Все эти годы Блок жил ощущением полета над бездной. В переводе на язык точных понятий такое ощущение прекрасно передано в одном из его писем (несколько более позднего времени): «Вся современная жизнь людей есть холодный ужас, несмотря на отдельные светлые точки, – ужас, надолго непоправимый. Я не понимаю, как ты, например, можешь говорить, что все хорошо, когда наша родина, может быть, на краю гибели, когда социальный вопрос так обострен во всем мире, когда нет общества, государства, семьи, личности, где было бы хоть сравнительно благополучно».
3
За примером не нужно было ходить далеко. Хуже не могло быть, нежели в его непоправимо распавшейся семье, в его собственном опустевшем доме.
В светлой квартире окнами на тихую Пряжку сохранялся налаженный быт, порядок, даже уют. Но никакими тяжелыми шторами нельзя было отгородиться ни от того, что происходило в России, ни от того, чем так болела душа.
Милый друг, и в этом тихом доме
Лихорадка бьет меня.
Не найти мне места в тихом доме
Возле мирного огня!
Голоса поют, взывает вьюга,
Страшен мне уют…
Даже за плечом твоим, подруга,
Чьи-то очи стерегут!
Милый друг… подруга… Жизнь разделила. Не осталось уже ничего, кроме воспоминаний. «Как когда-то, ты помнишь тогда… О, какие то были года!»

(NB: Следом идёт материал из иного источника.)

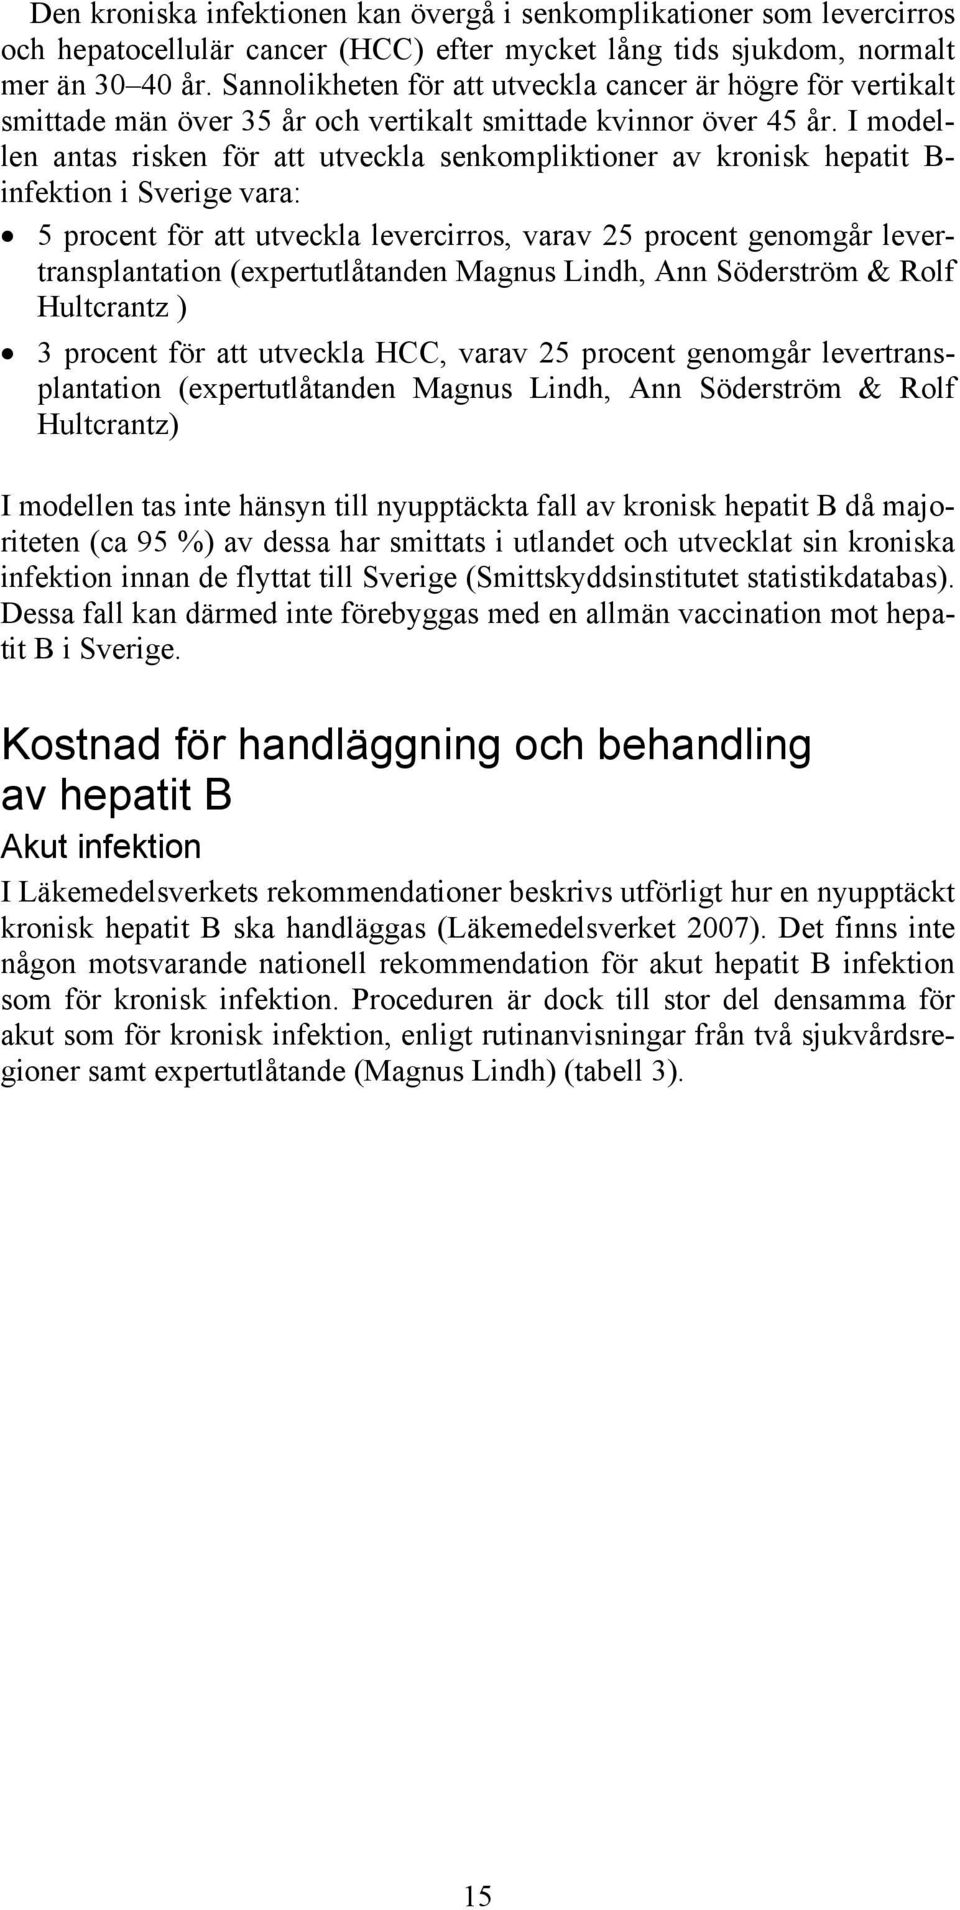 I modellen antas risken för att utveckla senkompliktioner av kronisk hepatit B- infektion i Sverige vara: 5 procent för att utveckla levercirros, varav 25 procent genomgår levertransplantation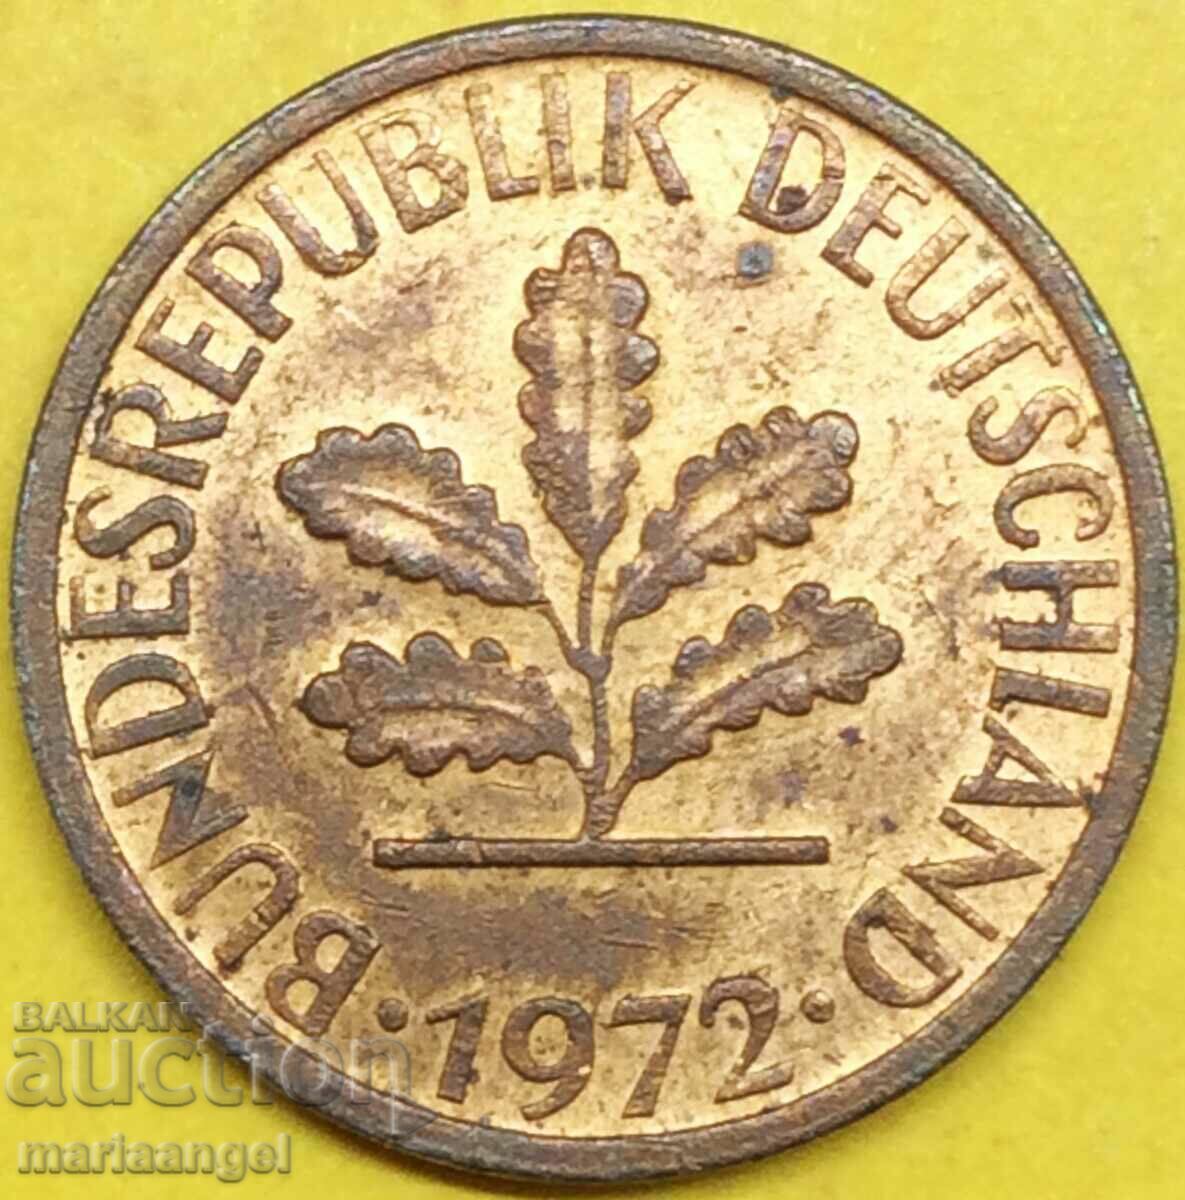 1 pfennig 1972 Germany D

Память об этих баснословных годах не отпускала ни на миг. Когда случайно возникший на горизонте Блока, после долгой разлуки, Сергей Соловьев заметил, что в Любу в свое время, в самом деле, можно было «поверить», Блок написал ей: «Я-то знал это прежде всех и знаю до сих пор». А она в ответ признавалась с отнюдь не подкупающим простодушием: «Я все диву даюсь – какие ты стихи хорошие сочиняешь! И как это я про них могу временами забывать!»
Разговор глухих…
Они условились, что останутся «товарищами», но и из этого мало что получалось. Любовь Дмитриевна пропадала то в Житомире, то в Бердичеве, целиком уйдя в «личную жизнь» (по-своему тоже нелегкую). Блок пишет ей: «Нет-нет и забеспокоюсь о тебе, все думаю, где ты и как ты, часто думаю, скучаю иногда, каждый вечер хожу к тебе и окрещиваю твою кроватку». Немного погодя: «Приехала бы; весна, я бы тебя покатал и сладкого тебе купил. Ты даже почти не пишешь…» Приближается лето – он спрашивает: «Где и с кем ты хочешь быть?» Она отмалчивалась или со дня на день меняла решения. В конце концов договорились: вместе едут за границу.
Двенадцатого июня 1913 года они отправились во Францию. Десять дней провели в Париже. Блок целыми днями бродил по городу, полюбил сидеть в маленьком кафе на Монмартре, у подножья Sacre Coeur, и смотреть на Париж – громадный, подернутый лиловой дымкой. В Лувре мало что понравилось, – «музей восковых фигур интереснее».
Решили поехать на юг, на Бискайское побережье. Там – «близко от Толозы и тех мест, где родилась Изора».
Поселились в уединенном Г тари. Некогда, в XV – XVI веках, здесь была баскская Гетария – оживленный город рыбаков, китобоев и мореходов, родина прославленного Эль-Кано, по сути дела первым осуществившего кругосветное плавание. Сейчас это было совсем маленькое местечко с единственным скромным Hotel de la Plage.
Ландшафт, суровый и величественный, Блоку понравился. «Здесь все так грандиозно, как только может быть»: справа – Биарриц, слева – Сен-Жан де Люц, за ним – Испания, впереди – ничем не загражденный океан. Волны так шумят, что заглушают шум пролетающего по ночам рядом с отелем sud-express'a.
«У меня окно во всю стену, прямо на море, я так и сплю, не закрывая его… Вся моя комната пропитана морем».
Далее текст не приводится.